Write a function to convert from normal numbers to Roman Numerals.

The Romans were a clever bunch. They conquered most of Europe and ruled it for hundreds of years. They invented concrete and straight roads and even bikinis. One thing they never discovered though was the number zero. This made writing and dating extensive histories of their exploits slightly more challenging, but the system of numbers they came up with is still in use today. For example the BBC uses Roman numerals to date their programmes.
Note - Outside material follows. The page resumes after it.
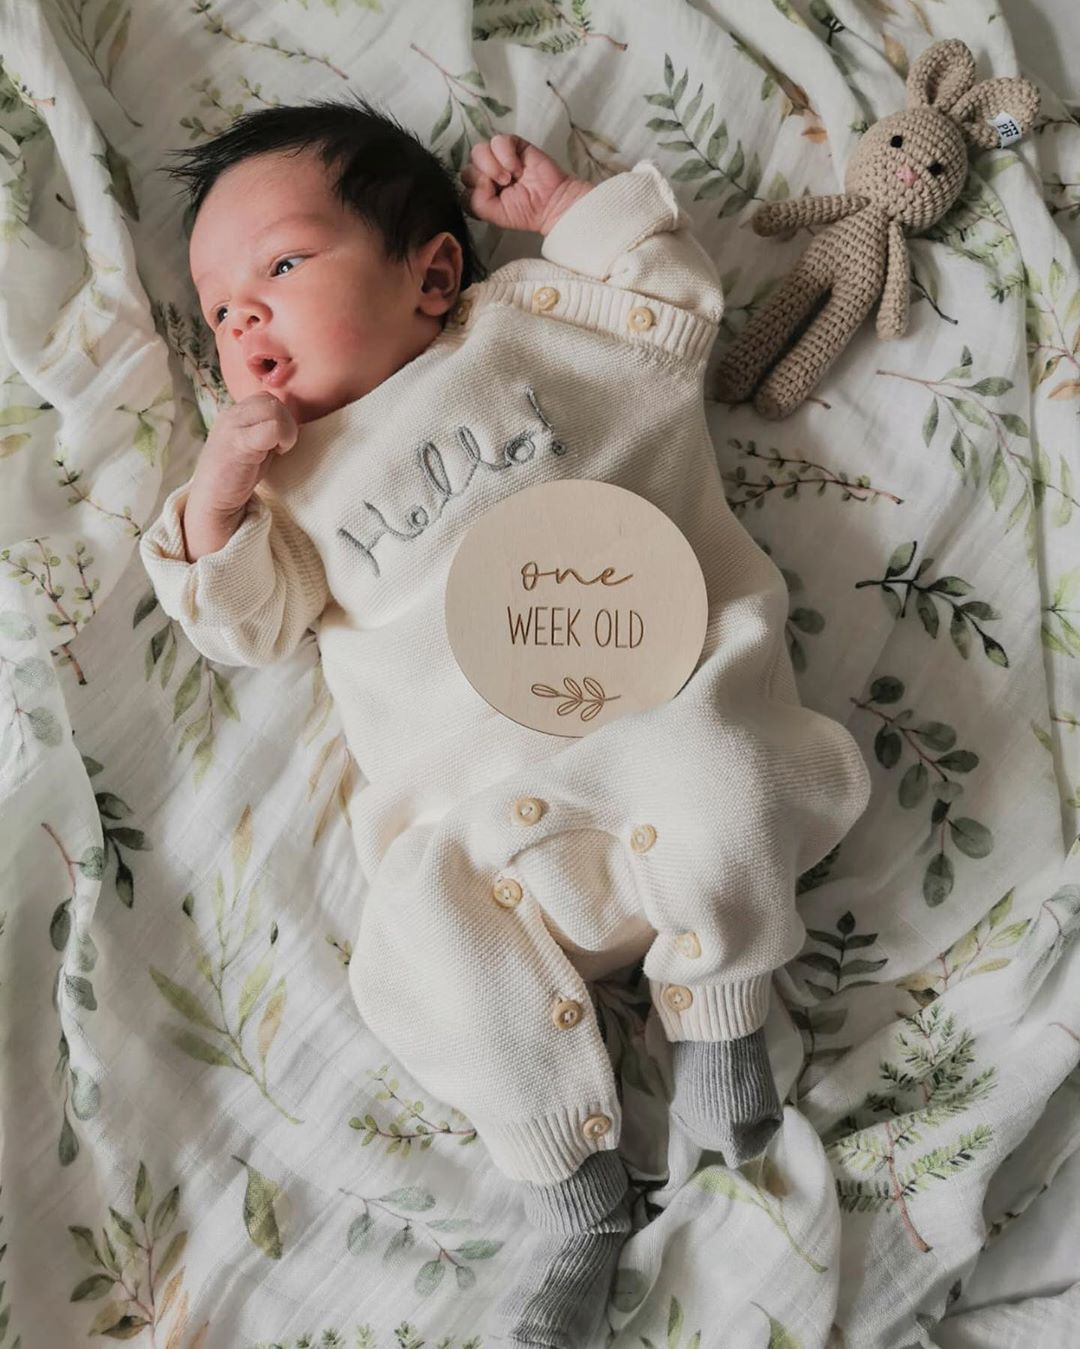 "♥ Petite Fashion | Vitri ♥ on Instagram: ""This little munchkin has filled our life over a week now 👼🏻🥰 ♥ ♥ ♥ ♥ ♥ ♥ ♥  #newborn #rainbowbaby #aprilbaby2020 #helloworld #newbornbaby…"""

The Romans wrote numbers using letters - I, V, X, L, C, D, M. (notice these letters have lots of straight lines and are hence easy to hack into stone tablets).

```
1 => I
10 => X
7 => VII
```

There is no need to be able to convert numbers larger than about 3000. (The Romans themselves didn't tend to go any higher)

Wikipedia says: Modern Roman numerals ... are written by expressing each digit separately starting with the left most digit and skipping any digit with a value of zero.

To see this in practice, consider the example of 1990.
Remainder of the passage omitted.